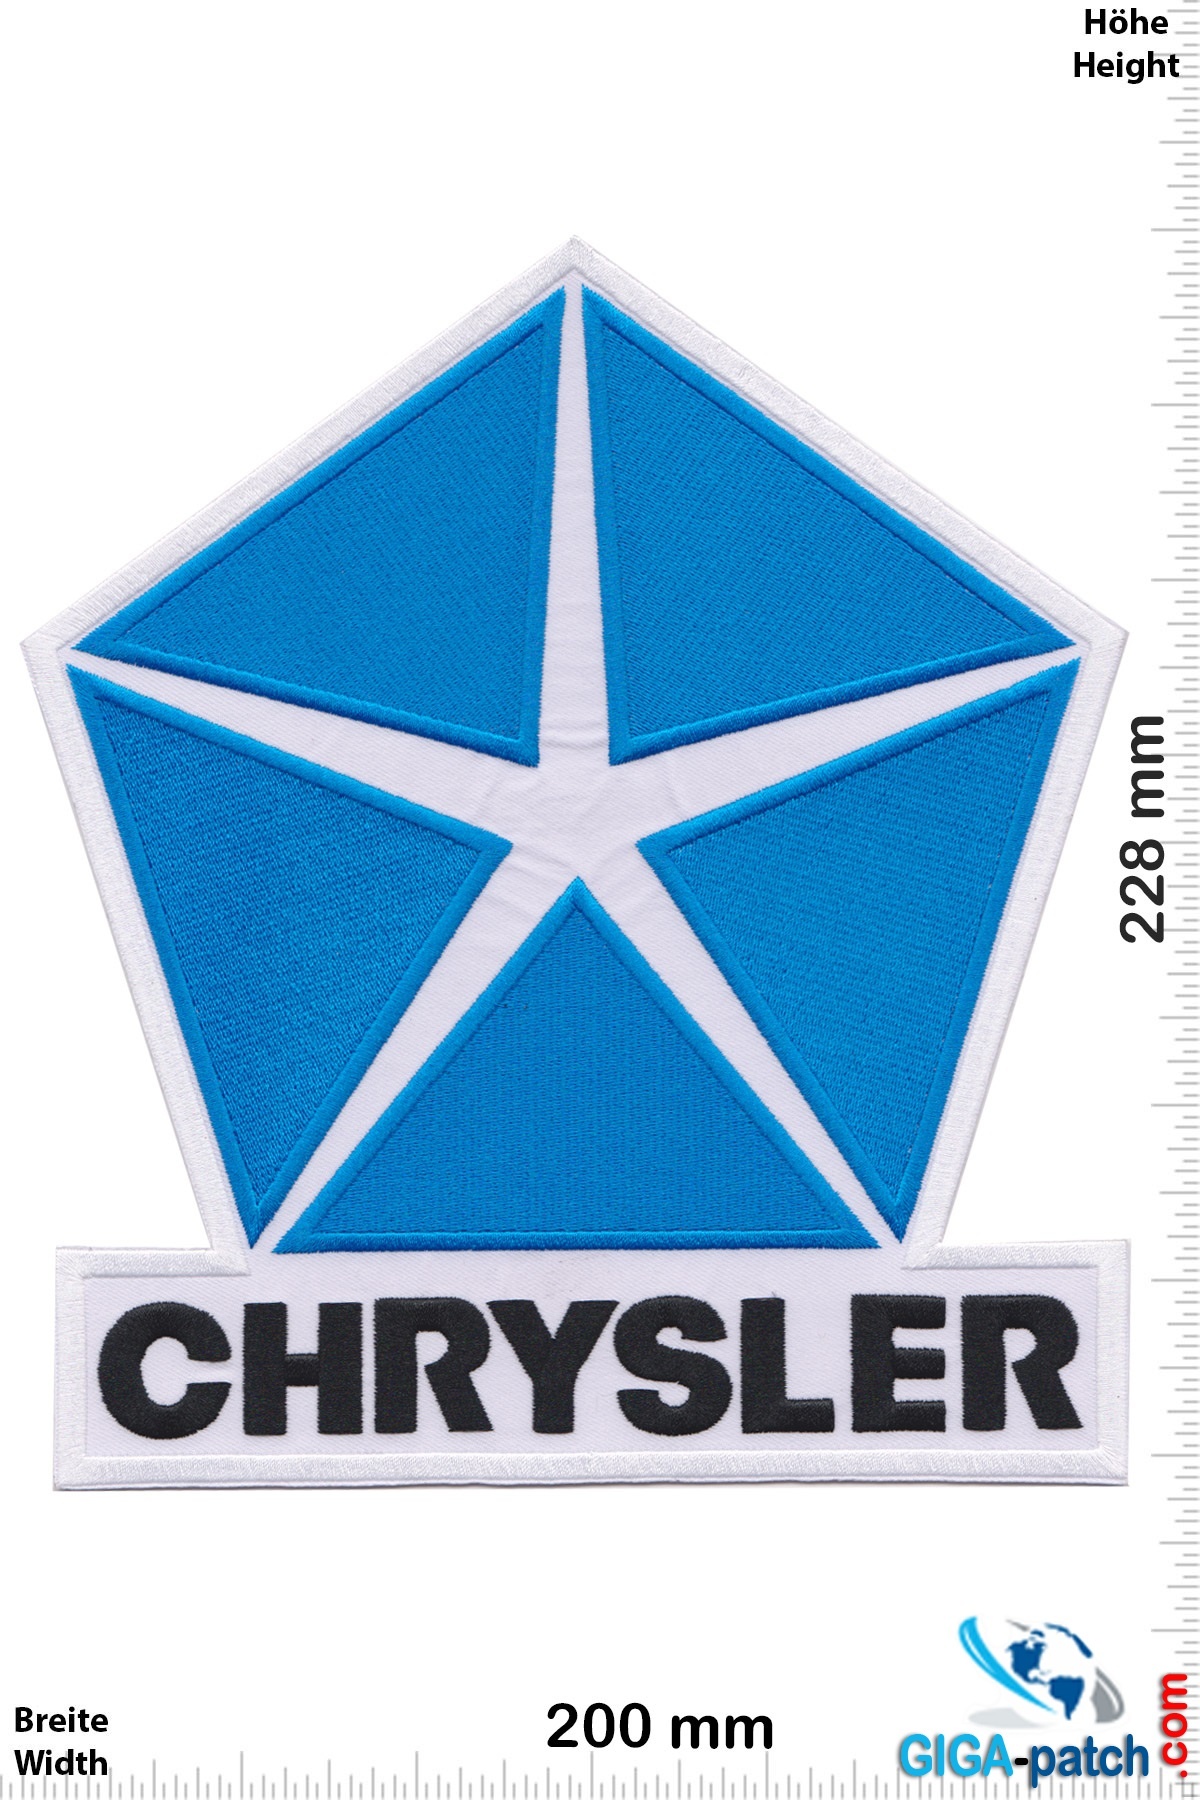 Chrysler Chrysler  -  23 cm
______
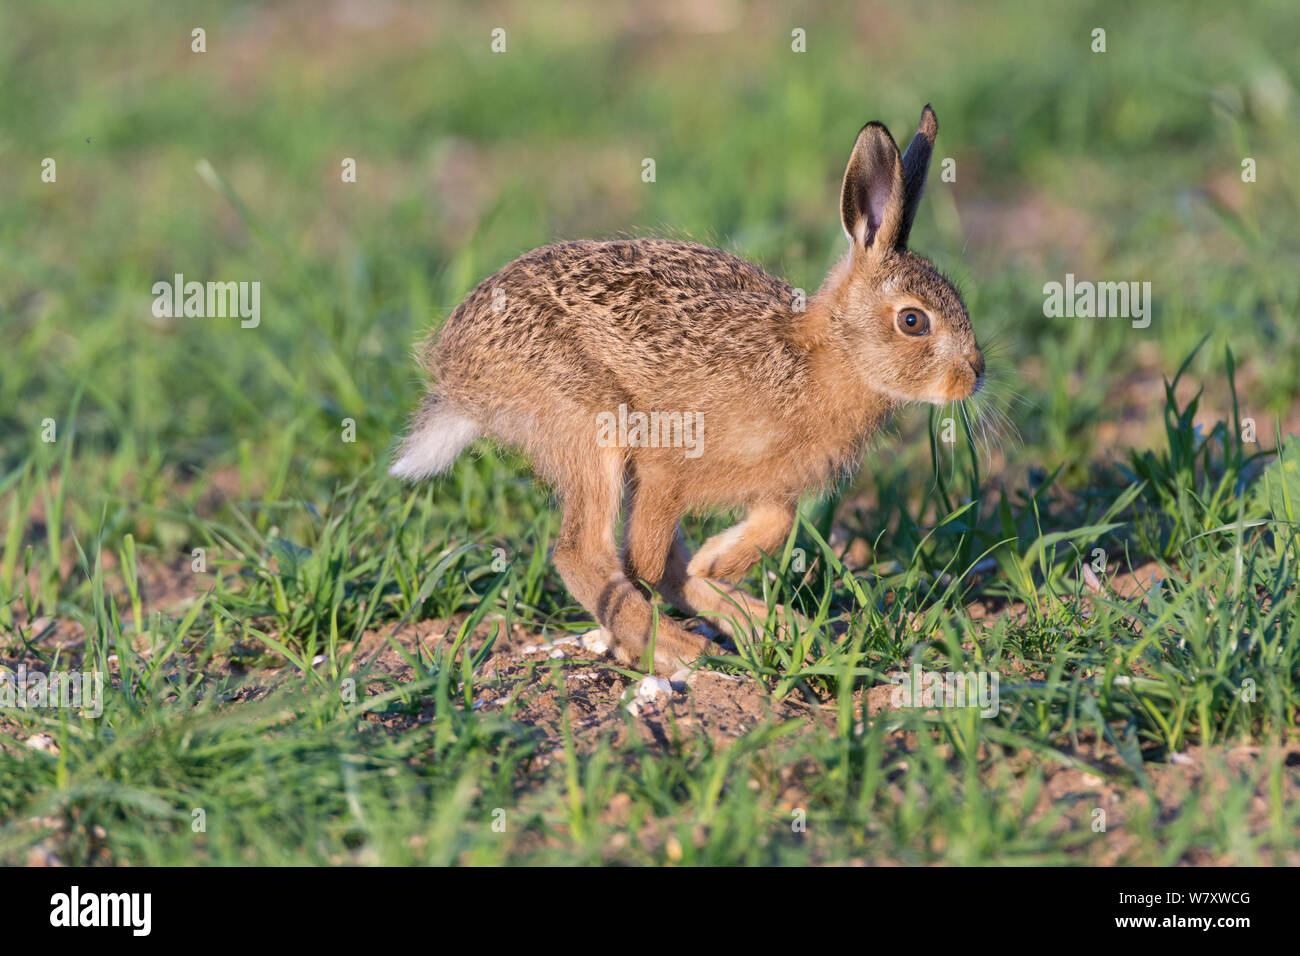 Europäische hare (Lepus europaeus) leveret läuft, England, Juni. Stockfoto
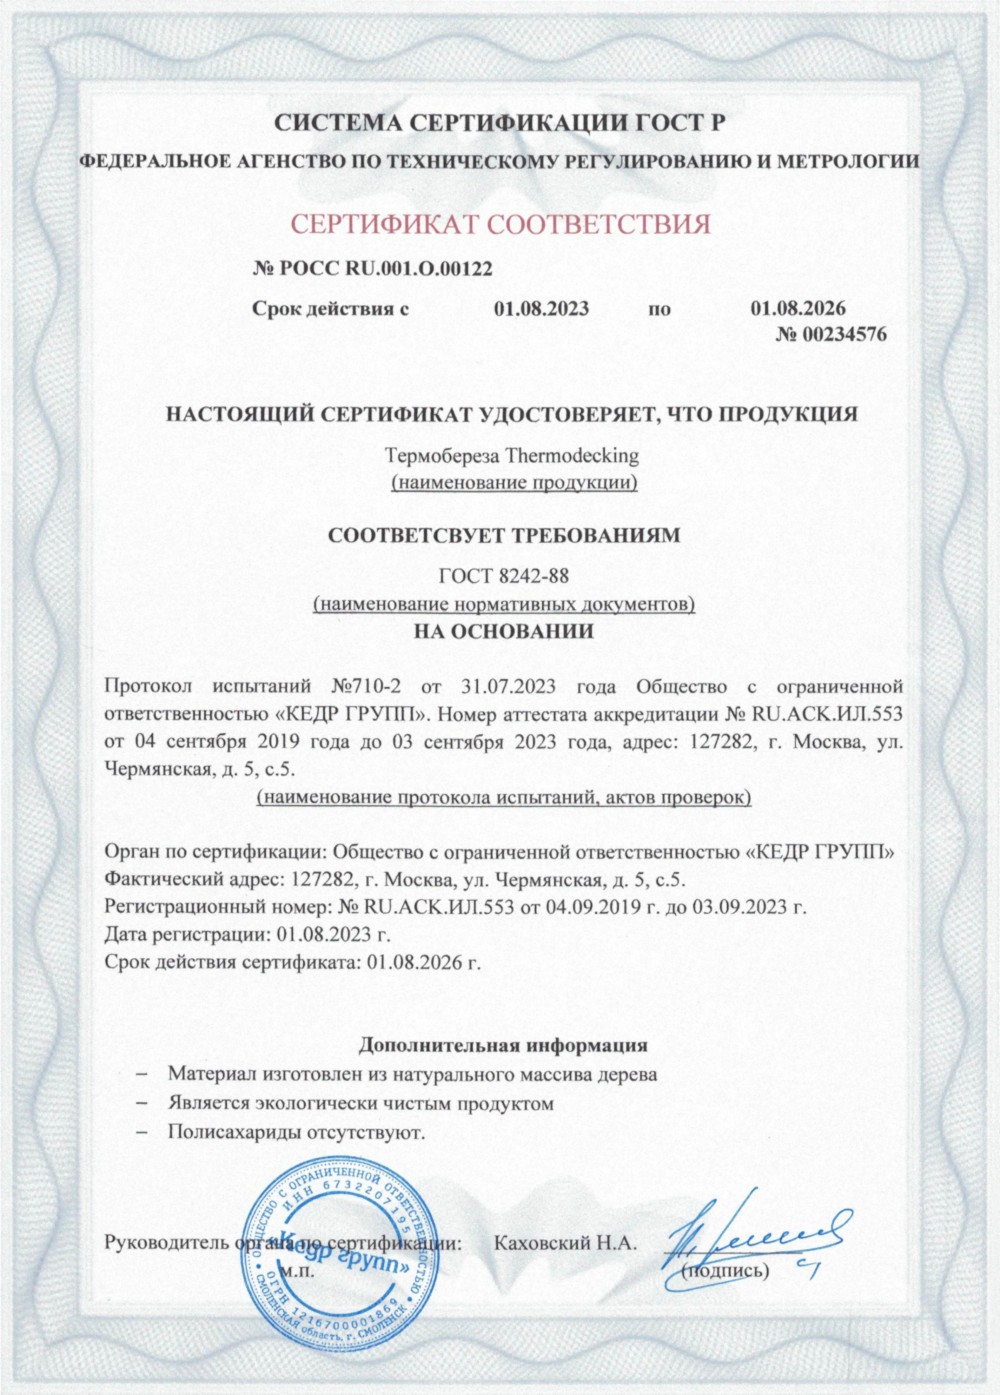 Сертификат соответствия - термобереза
______
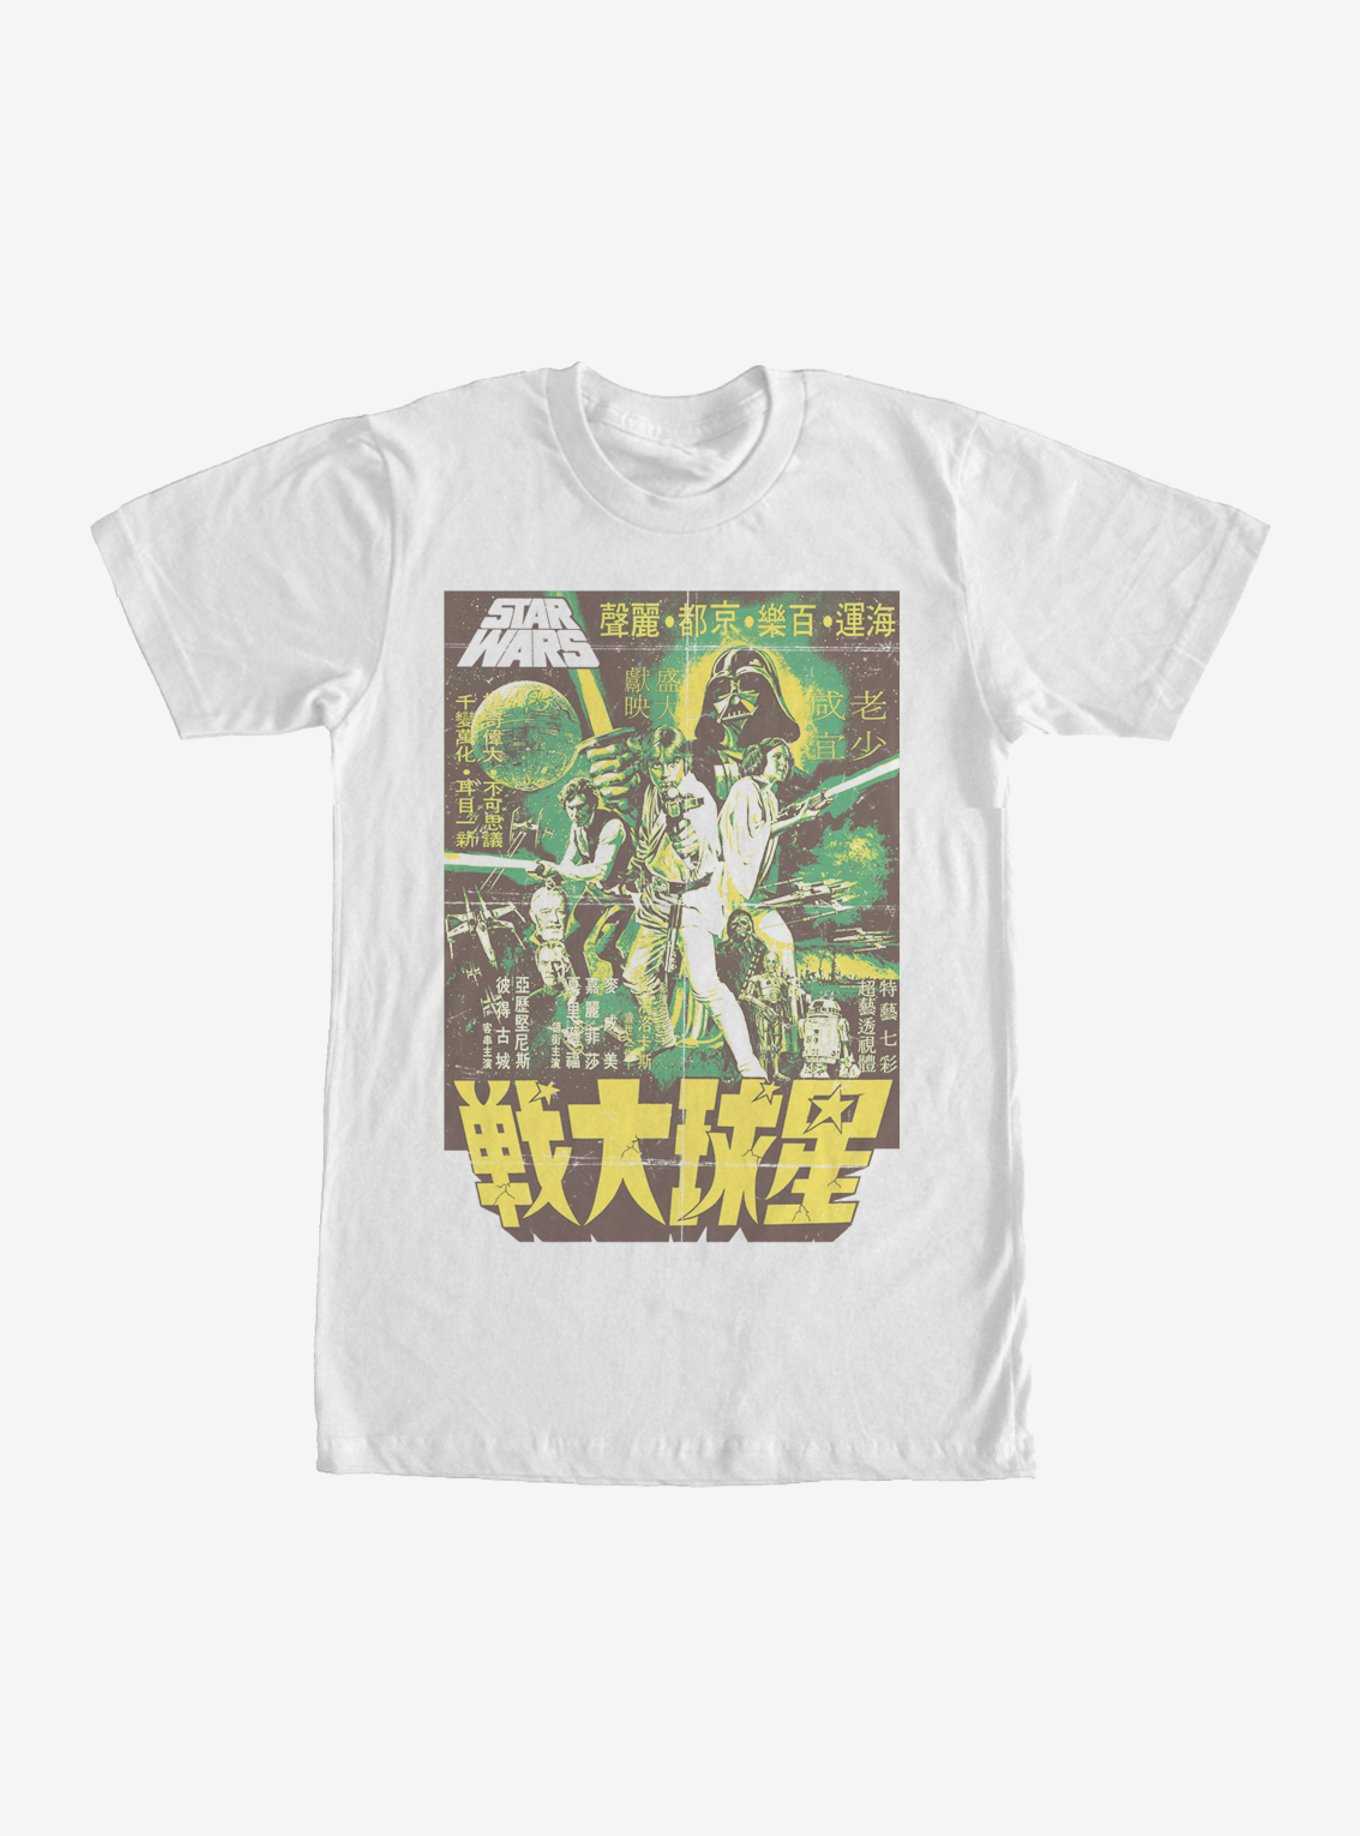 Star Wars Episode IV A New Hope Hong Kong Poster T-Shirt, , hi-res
______
## BRIEF
An exact copy is needed of the stretch above that opens with the line containing "Europäische hare (Lepus" and closes with the line containing "Сертификат соответствия - термобереза"; the pictures are not part of it.

## YOUR RESPONSE
 Europäische hare (Lepus europaeus) leveret läuft, England, Juni. Stockfoto
 Сертификат соответствия - термобереза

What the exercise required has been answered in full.